あえて年金繰り下げ受給しないメリットを話そう

最近は、年金受給額を増やすための「繰り下げ受給」が話題になっていますね。

ネットの記事を見ても雑誌を読んでも、「年金の裏ワザ=年金は繰り下げ受給がお得」のオンパレードです。

長生きが当たり前になってきたので、できるだけ長く働いて受給を繰り下げるのが得策のように思えます。

一回当たりの受給額が増えます。

受給年齢をどんどん先送りすれば、更にプレミアムまで付きそうな雰囲気です。

でも、何か変だと思ったことはありませんか?

こんな年金繰り下げの大合唱、過去にあったでしょうか?

いえいえ、ありませんでした。

実は、こんなご時世だからこそ考えておかなければならないことがあるんです。

今日は、年金繰り上げ受給お得情報の裏側について考えてみました。

年金受給年齢は制度改正で繰り下げられる

今年は社会保障制度改革の元年です。

誰もが気になっている老後保障について、人生100年時代に向けた年金制度を始め社会保障の内容が大きく制度改正されます。

おそらく年金受給年齢は、現在の65歳から70歳~75歳へ繰り下げになるのは確実でしょう。そうでなければ、50代よりも若い人たちはこれまでのような年金を受け取ることができないのです。

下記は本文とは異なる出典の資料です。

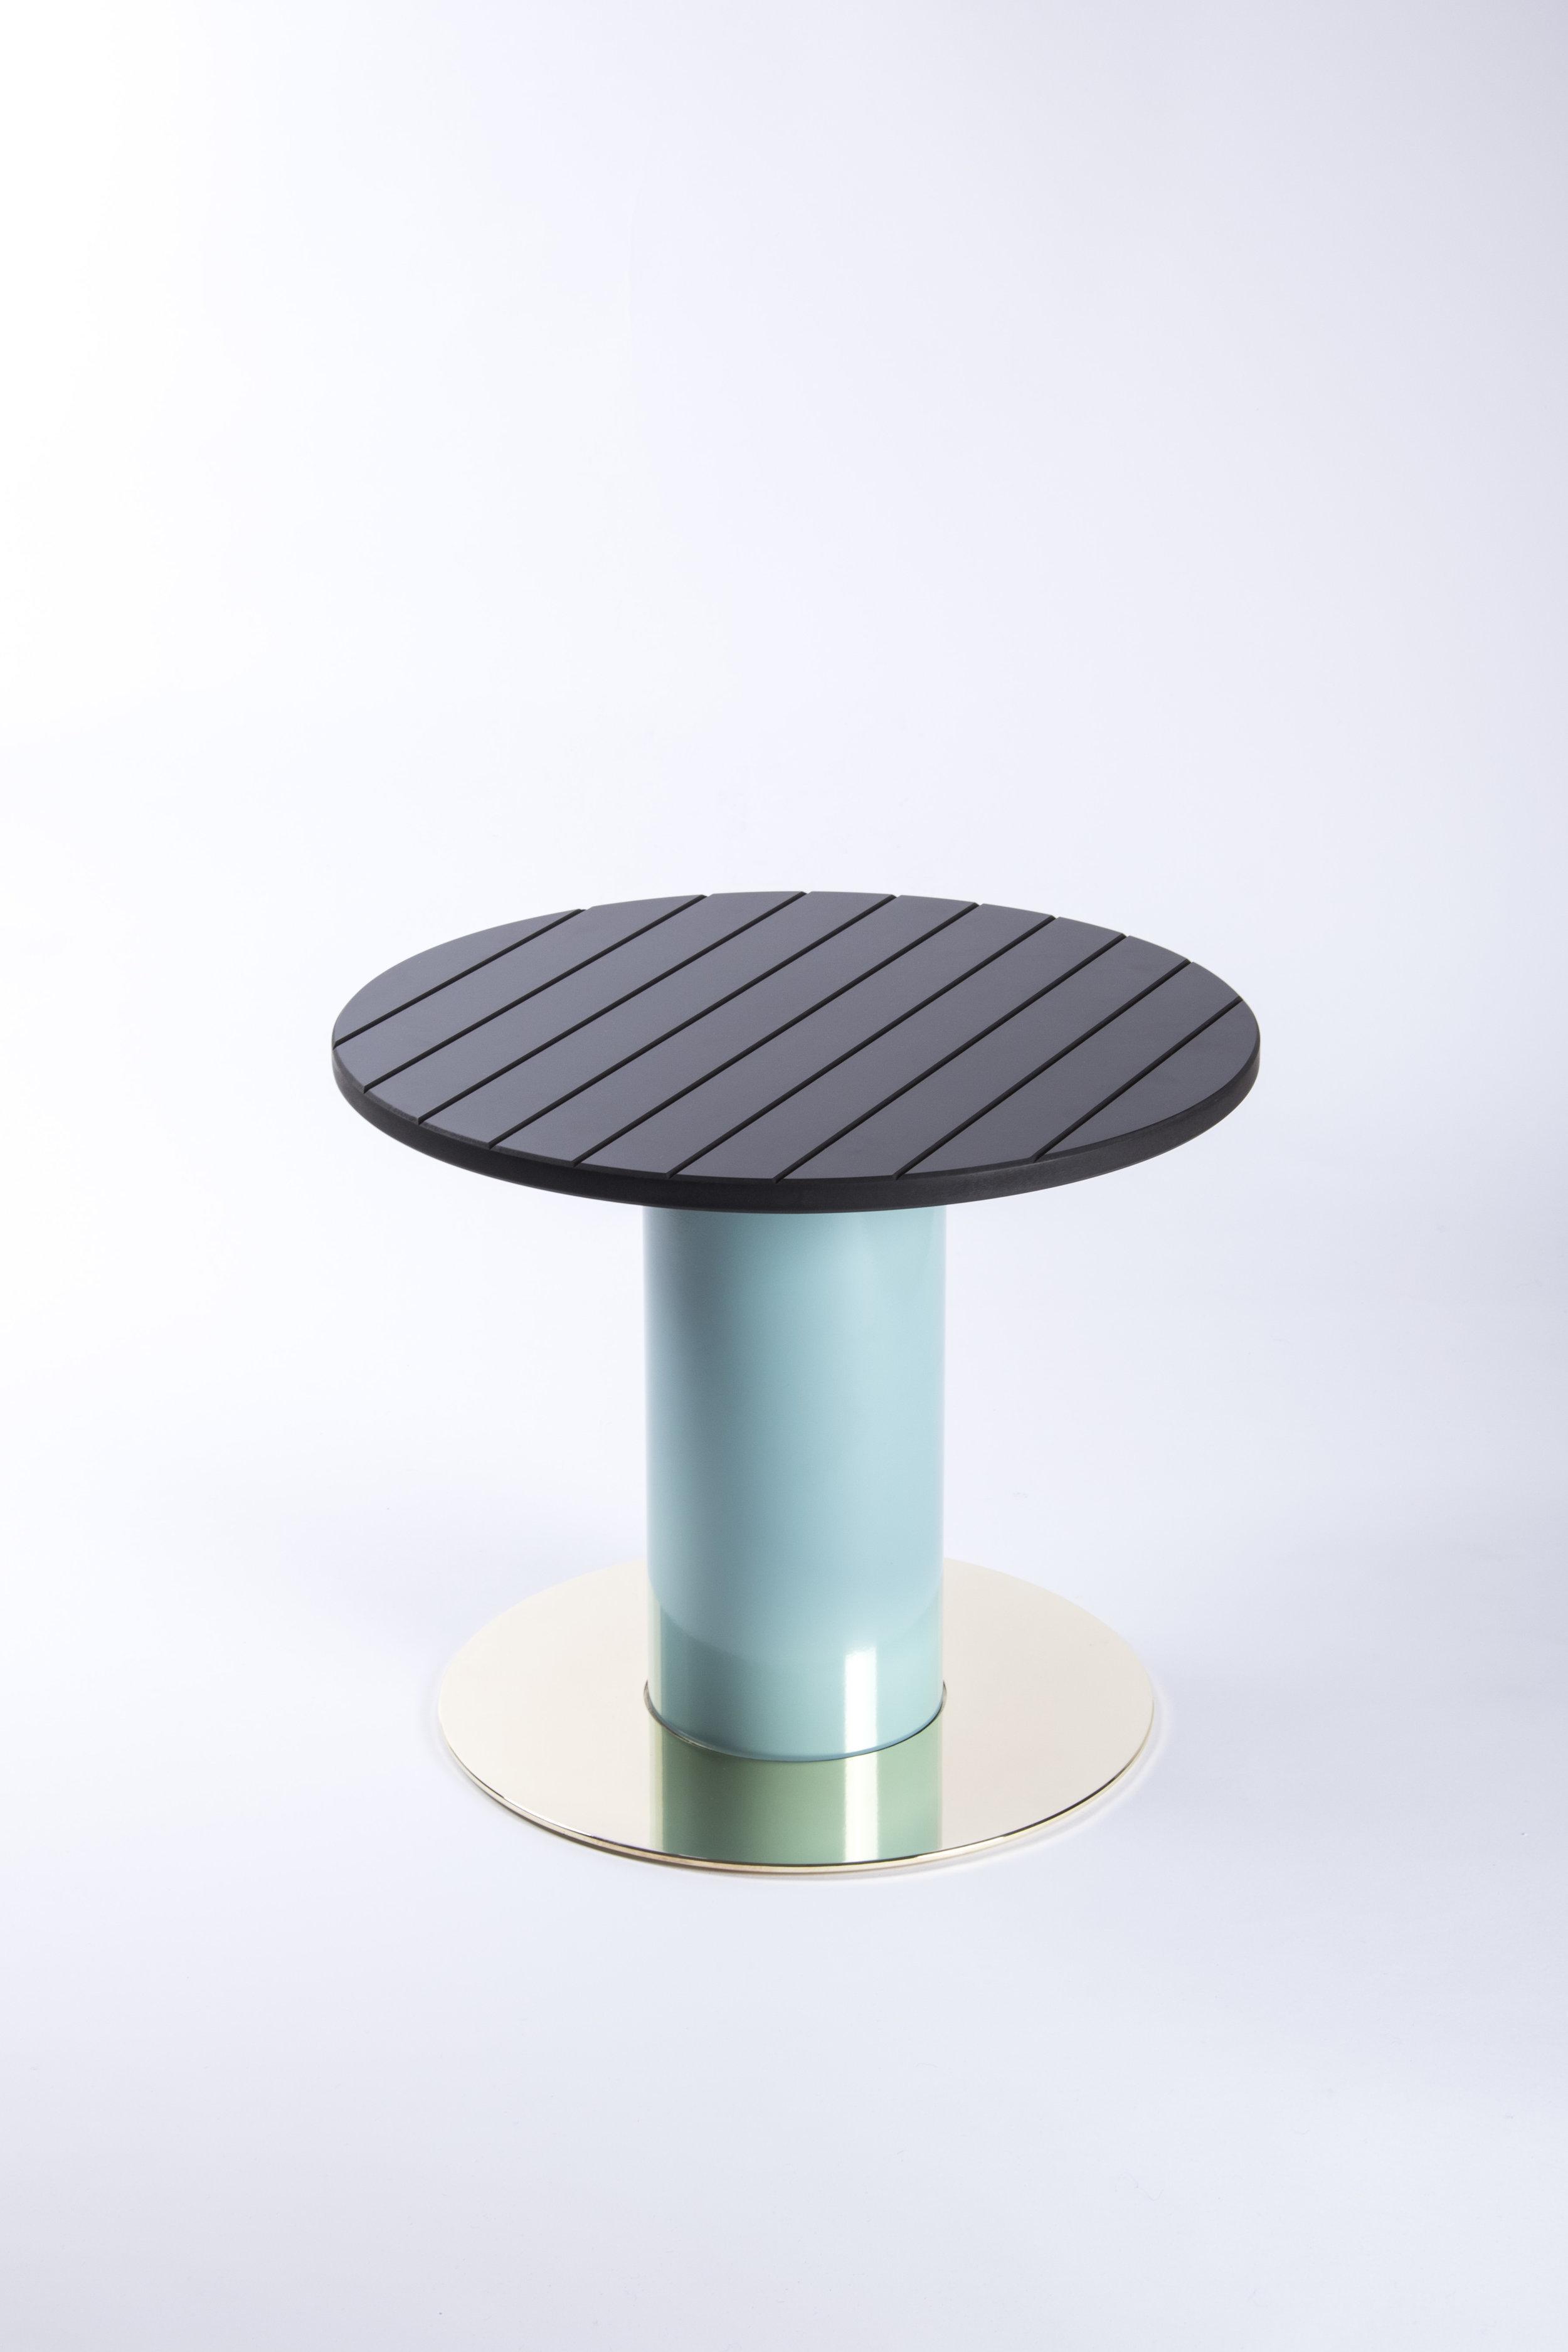 Reel Side Tables - David Derksen Design07.jpg

厚労省は、既に年金を受給している人の権利は確保しながら、未来に向けて年金制度をどう変えて行くかと言う難しい課題にトライしている訳です。

私たちは、本当に面倒な時代に生きています。

 

年金受給者の既得権は制度改正において前提条件になっている

ここが重要なポイントなのですが、年金に関わる既得権は簡単に変えられません。

なぜなら、既に年金受給している人にとって、年金は生きて行くための死活手段になっているのです。

今さら直接生存に関わる年金額や受給期間などを変えられるはずがないのです。

生きている限り年金を受け取れると言う前提は、崩せません。国は、年金額が減ること、ましてや受けとれなくなるなんてことは、未来永劫口にできないのです。

繰り下げお得情報に惑わされるな

最近の年金繰り下げ情報には、明らかに行き過ぎと思われるものまで出てきました。

年金「75歳繰り下げ受給」すれば、受給額が倍増する。ダメ元チャレンジも可能なので、挑戦してみよう!/a>

70歳どころか75歳まで繰り下げれば、受給額は倍増すると言うものです。

どう考えても変だと思いませんか?

年金制度は原資に不安があって存続さえ危ないと言う状況じゃなかったのでしょうか?倍増なんか約束して大丈夫なのでしょうか?

少子高齢化の時代に明らかに逆行する提案だと思いませんか?

 

年金未受給の人の権利は保証されていない

繰り下げお得情報ばかりが取りざたされますが、これらはあくまでも現在の年金制度に基づいた試算に過ぎません。

繰り下げによる増額も繰り上げによる減額もウソではありません、現在の制度に基づいた正しい試算です。

しかし、この試算は65歳から年金受給を開始した場合を前提にしています。

この前提を崩してしまえば、繰り下げ受給のメリットも一挙に無くなってしまうのです。

よく考えて下さい。

どうして2倍もの年金が受給できるようになるんでしょうか?

世の中はまだまだデフレです。

更に、これからは仕事が無くなる時代になります。

人手不足になろうが、企業が求めるのは安い労働力です。

移民政策が、その需給ギャップを解決してくれるでしょう。

AIがなんとかするでしょう。

誰も2倍の年金など保証してくれないと考える方が自然なのではないでしょうか?

 

自分の生き方を見つけよう


あなたが今すぐできる対策はただ一つ。

年金繰り下げお得情報などに惑わされず、サッサと年金受給してしまうことです。

受給者の既得権は(おそらく)保証されます(これまでの政策通り)。

繰り下げて受給額を増やすなどと言うことなど考えるのは止めましょう。

現役時代と同じような生活を望むから、もっともっとと受給額の上乗せを考えてしまうのです。

実際に老後を迎えて生活費を見直すと、意外なほど生活費が掛からない事に気づきます。

それは、ただ単に倹約・節約を意識しているということではありません。

歳を取れば、若い時とは、明らかに価値観が違ってくるのです。

これによって、お金の使い方についても意識が変わるのです。

今いまの意識で未来を考えるのは止めましょう。

歳を取って意識が変わるのは、老化ではありません。

成長なのです。

煽られ、踊らされるのはもうやめましょう。

何より大切なのは、あなた自身がどう生きて行くかということなのです。

その先には、年金に縛られない未来があります。